Aktualizacja: 02.05.2015 12:43 Publikacja: 02.05.2015 12:27

Państwo islamskie ma sympatyków w Malezji, ale również w Uzbekistanie czy Kazachstanie

Państwo islamskie ma sympatyków w Malezji, ale również w Uzbekistanie czy Kazachstanie

Foto: PAP/EPA

Żadna z byłych republik radzieckich Azji Środkowej do tej pory nie była w stanie odpowiednio zareagować na to zjawisko. Szczególnie narażony na zagrożenie terroryzmem jest Uzbekistan, gdzie funkcjonuje powiązany z Al-Kaidą Islamski Ruch Uzbekistanu. Szacuje się, że liczba Uzbeków, którzy pojechali na wojnę do Syrii, może przekraczać 2500.

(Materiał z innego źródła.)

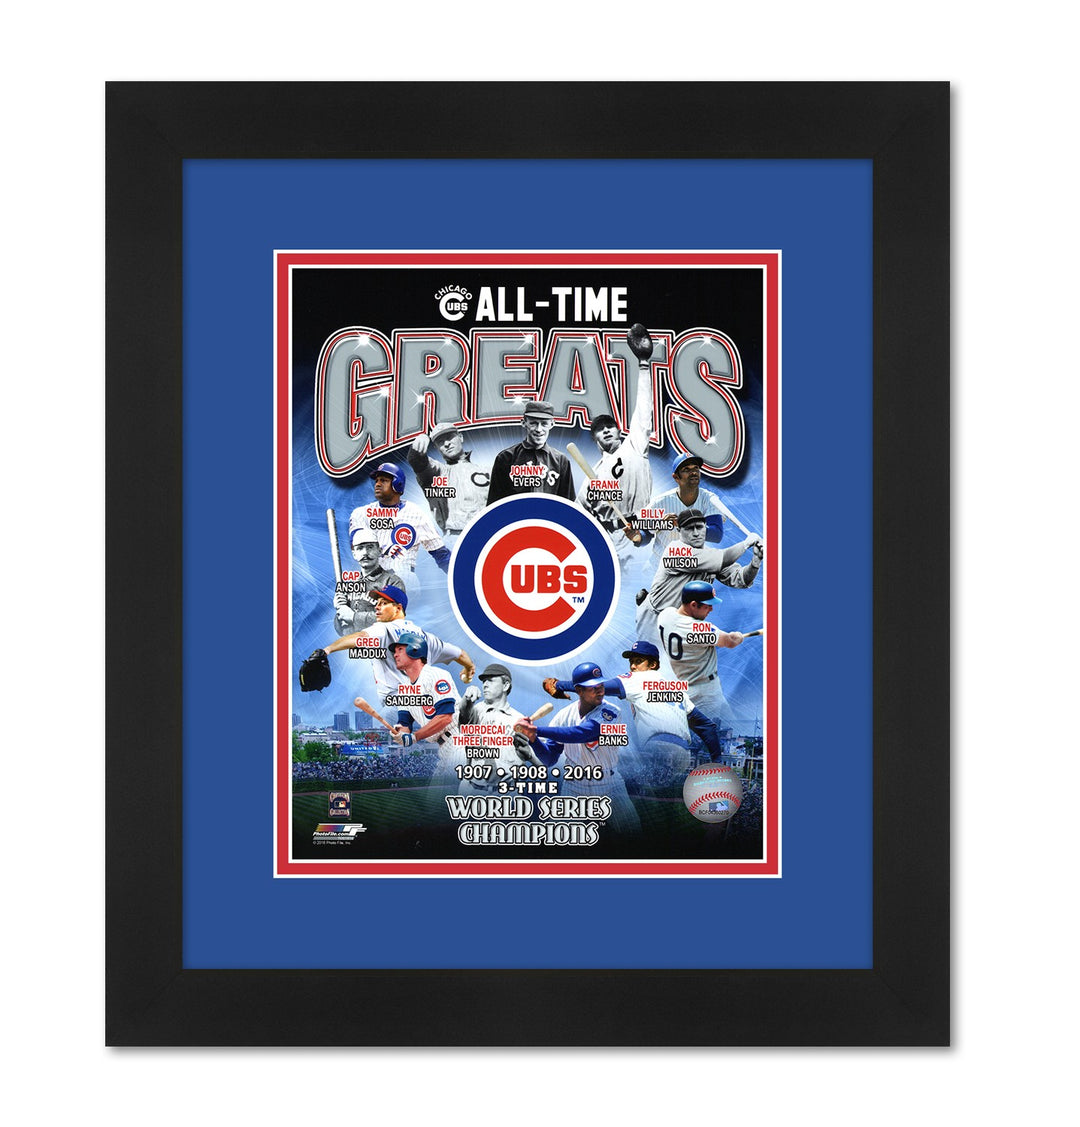 Chicago Cubs All-Time Greats Team Collage 13x16 Professionally Framed and Matted with Matching Team Colors

W listopadzie i grudniu ubiegłego roku ponad 60 domniemanych dżihadystów zostało aresztowanych w Tadżykistanie. Co ciekawe, wszystkie wymienione państwa miały już okazję zetknąć się z ideą kalifatu niemalże na własnym podwórku. Pomysłodawcą tej idei była Islamska Partia Turkiestanu (IPT), stawiająca sobie za cel przejęcie kontroli nad chińską prowincją Xinjiang i ustanowienie niepodległego państwa pod nazwą "Wschodni Turkiestan" (obecnie zamieszkały przez Ujgurów).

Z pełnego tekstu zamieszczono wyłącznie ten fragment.